### Problem statement
Your copy should match the records below word for word and contain no pictures.

### Exercise input
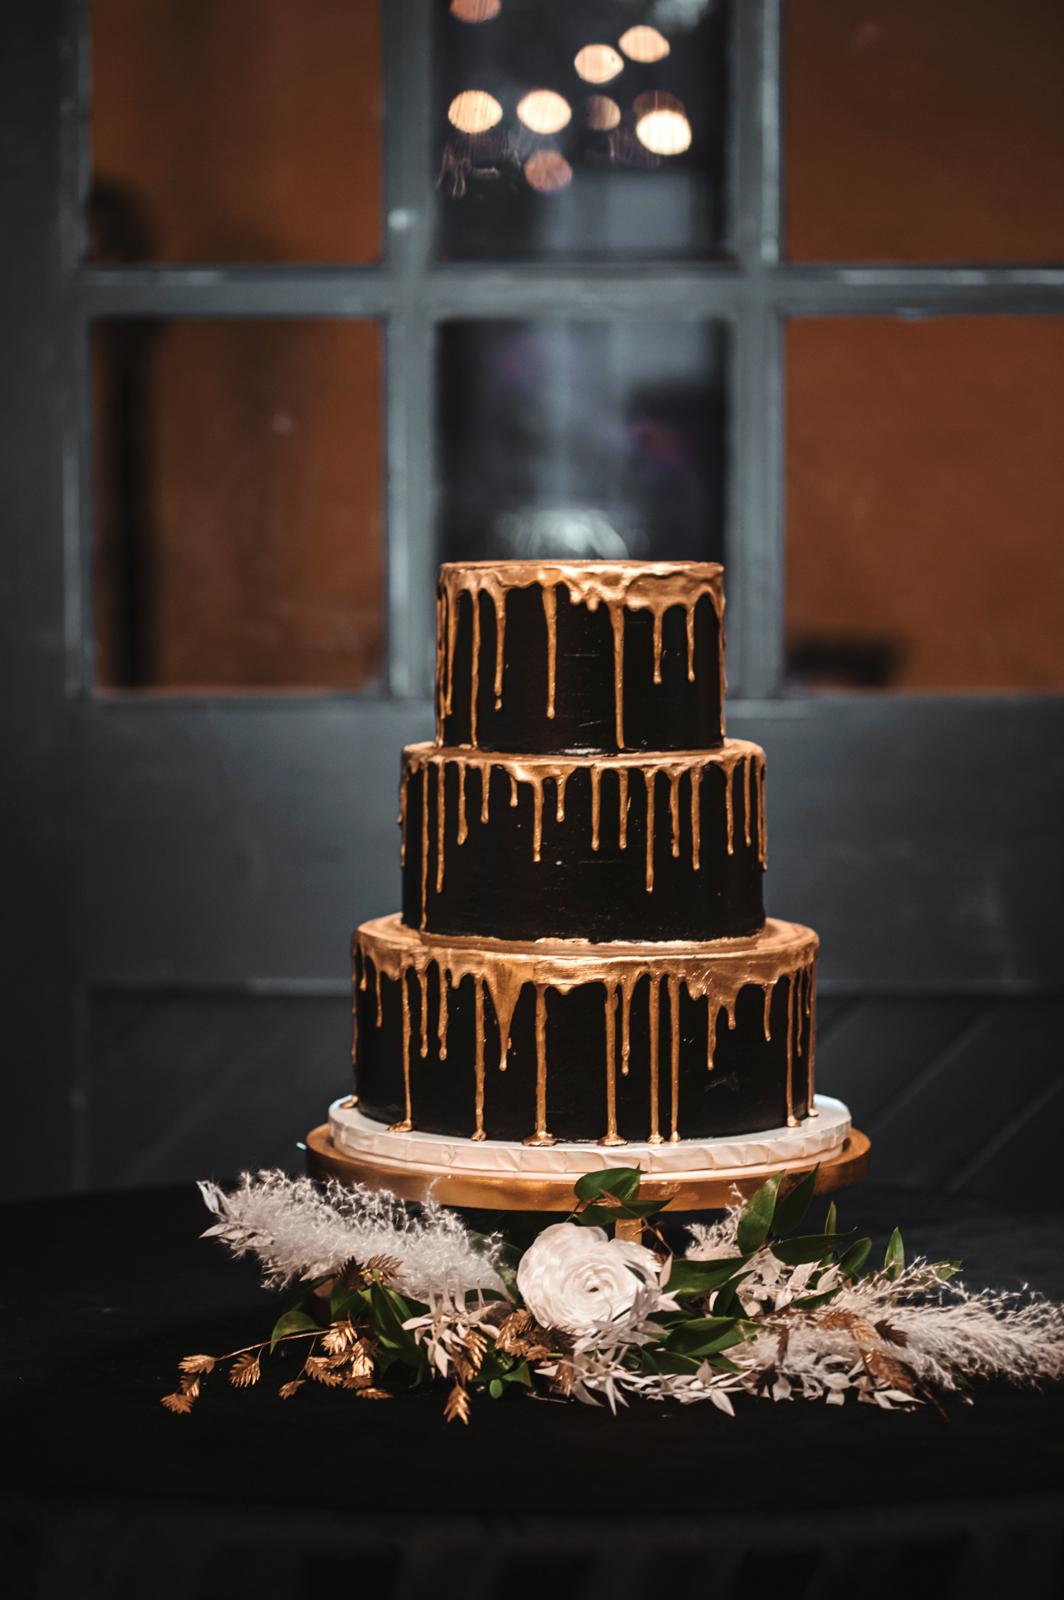 Gâteau de mariage parfait.Gâteau de mariage parfait.
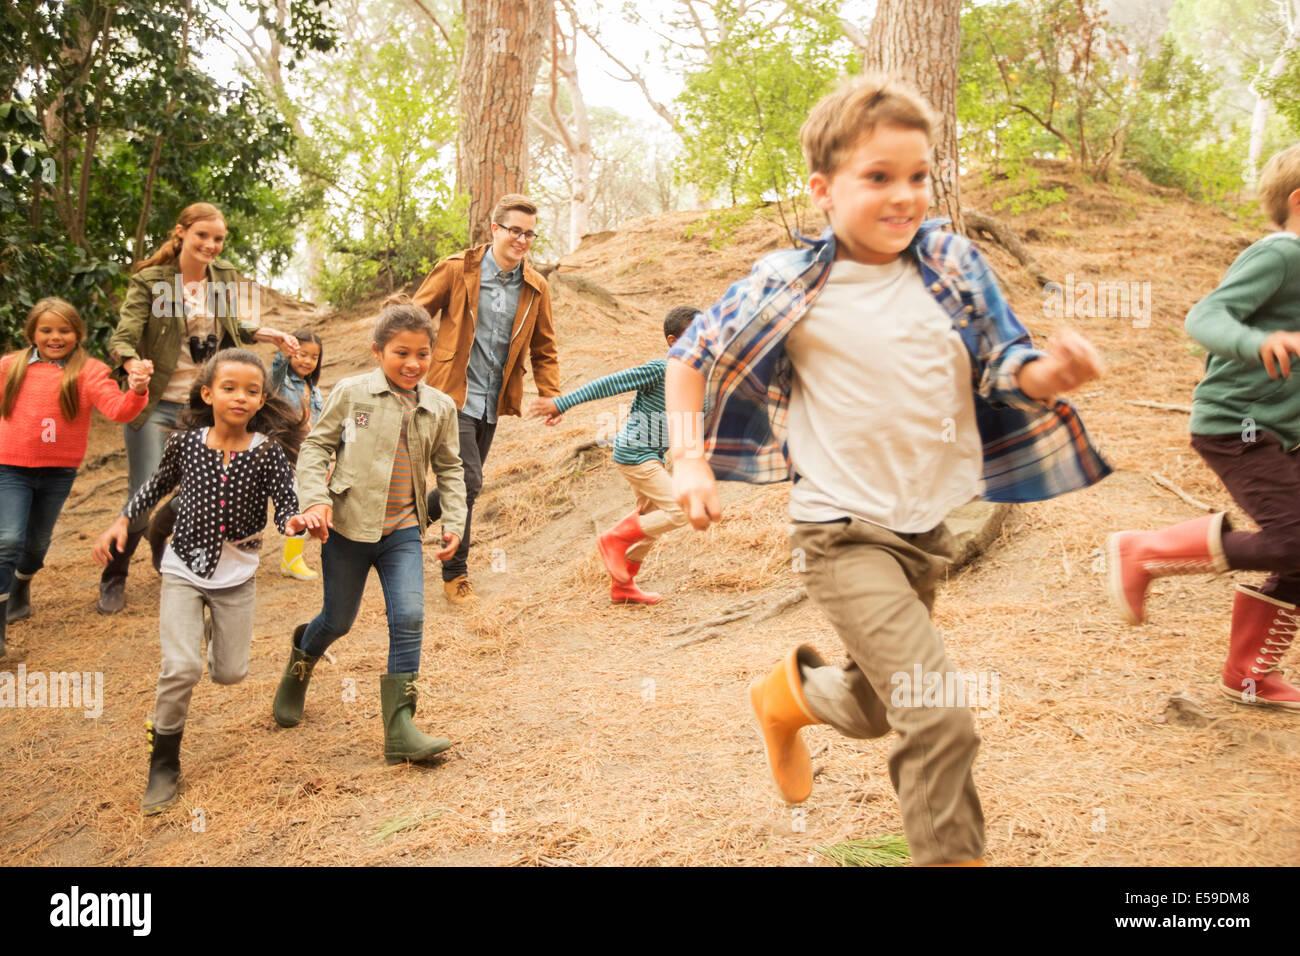 Los niños corriendo en el bosque Foto de stock
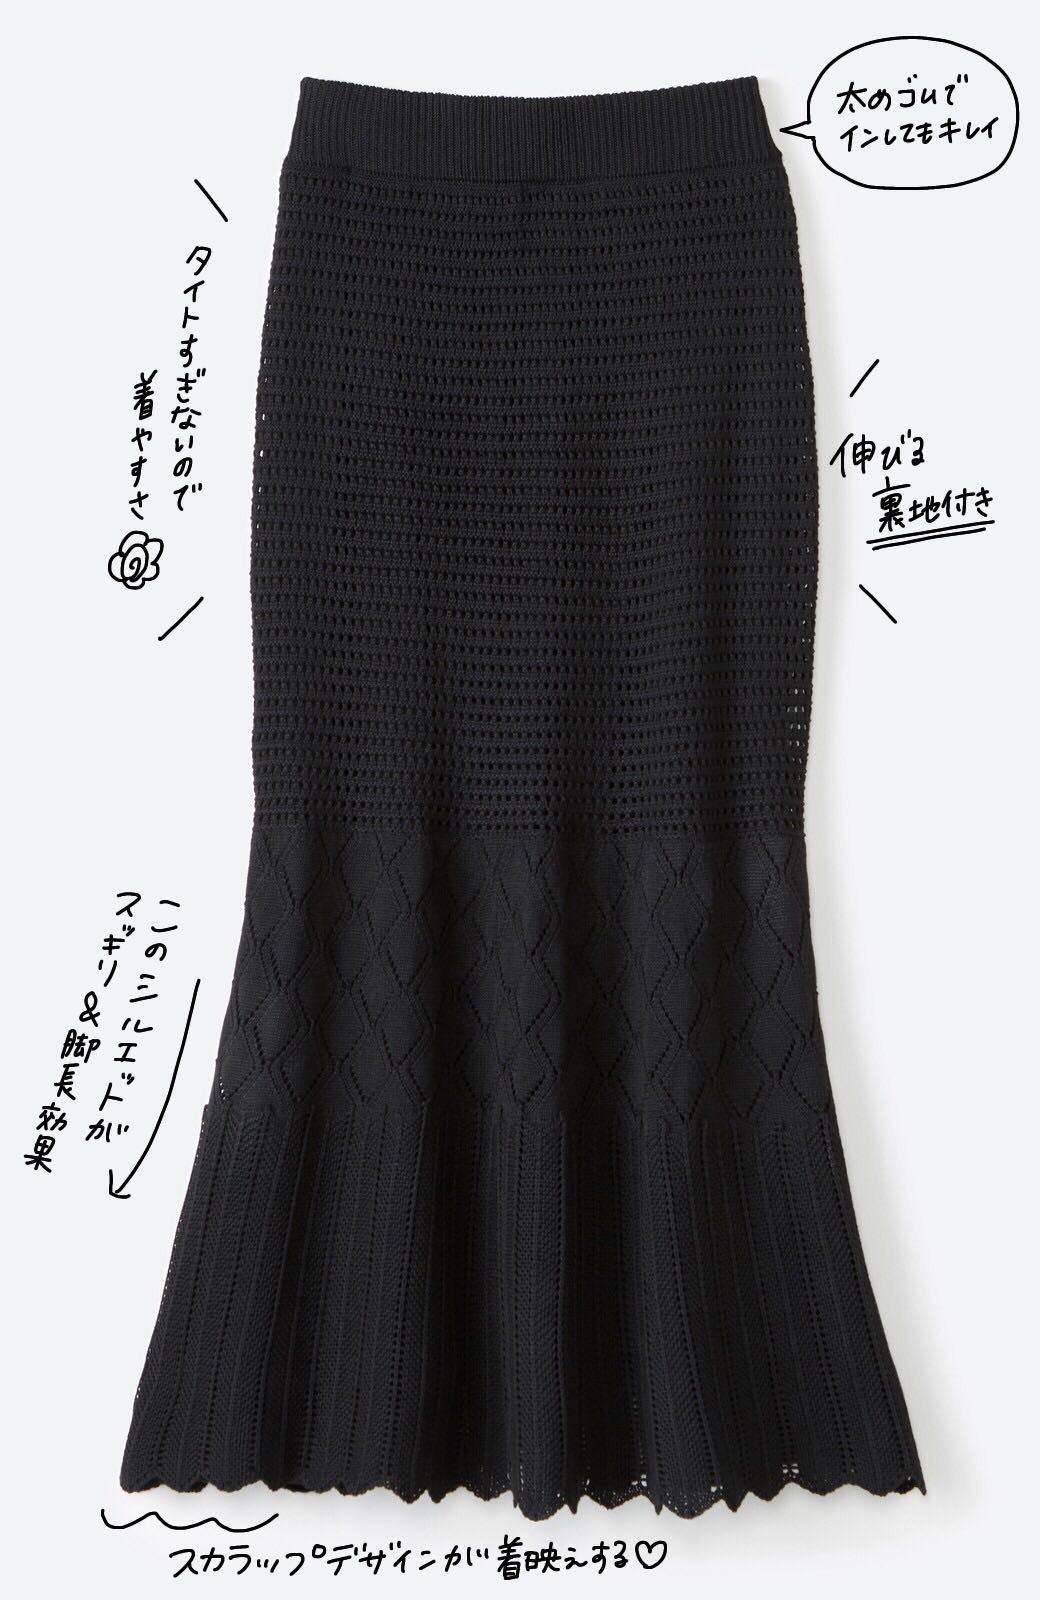 haco! 単品はもちろん重ね着してもかわいさが増す!透かし編みマーメイドスカート <ブラック>の商品写真3
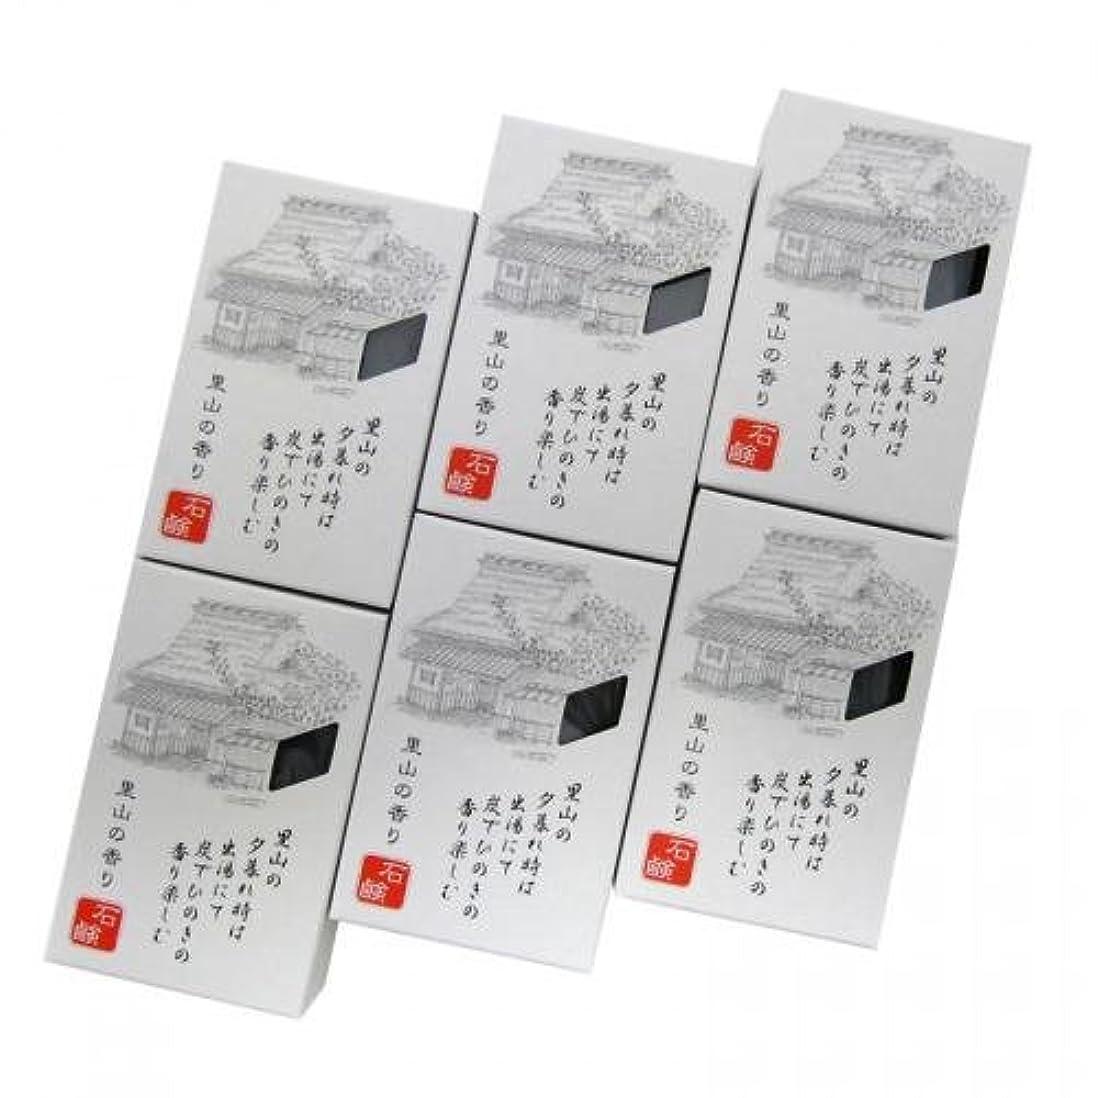 羊の選出する活力ROTTS 里山の香り石鹸 100g 【6個セット】 iwasaya
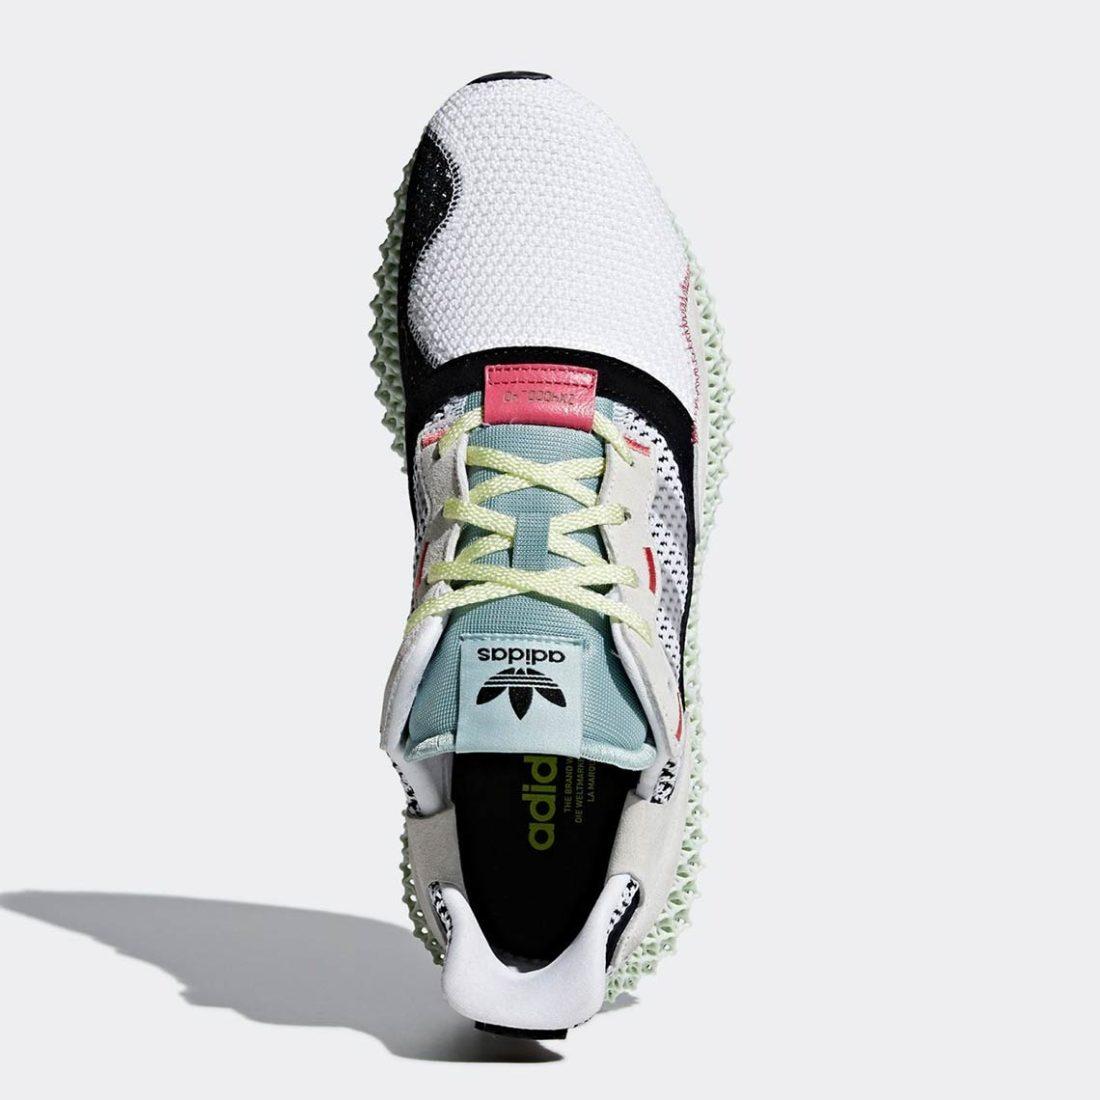 wholesale dealer 8aad6 948ea adidas-consortium-zx4000-4d-white-03

### Written response
 Gâteau de mariage parfait.Gâteau de mariage parfait.
 Los niños corriendo en el bosque Foto de stock
 haco! 単品はもちろん重ね着してもかわいさが増す!透かし編みマーメイドスカート <ブラック>の商品写真3
 羊の選出する活力ROTTS 里山の香り石鹸 100g 【6個セット】 iwasaya
 wholesale dealer 8aad6 948ea adidas-consortium-zx4000-4d-white-03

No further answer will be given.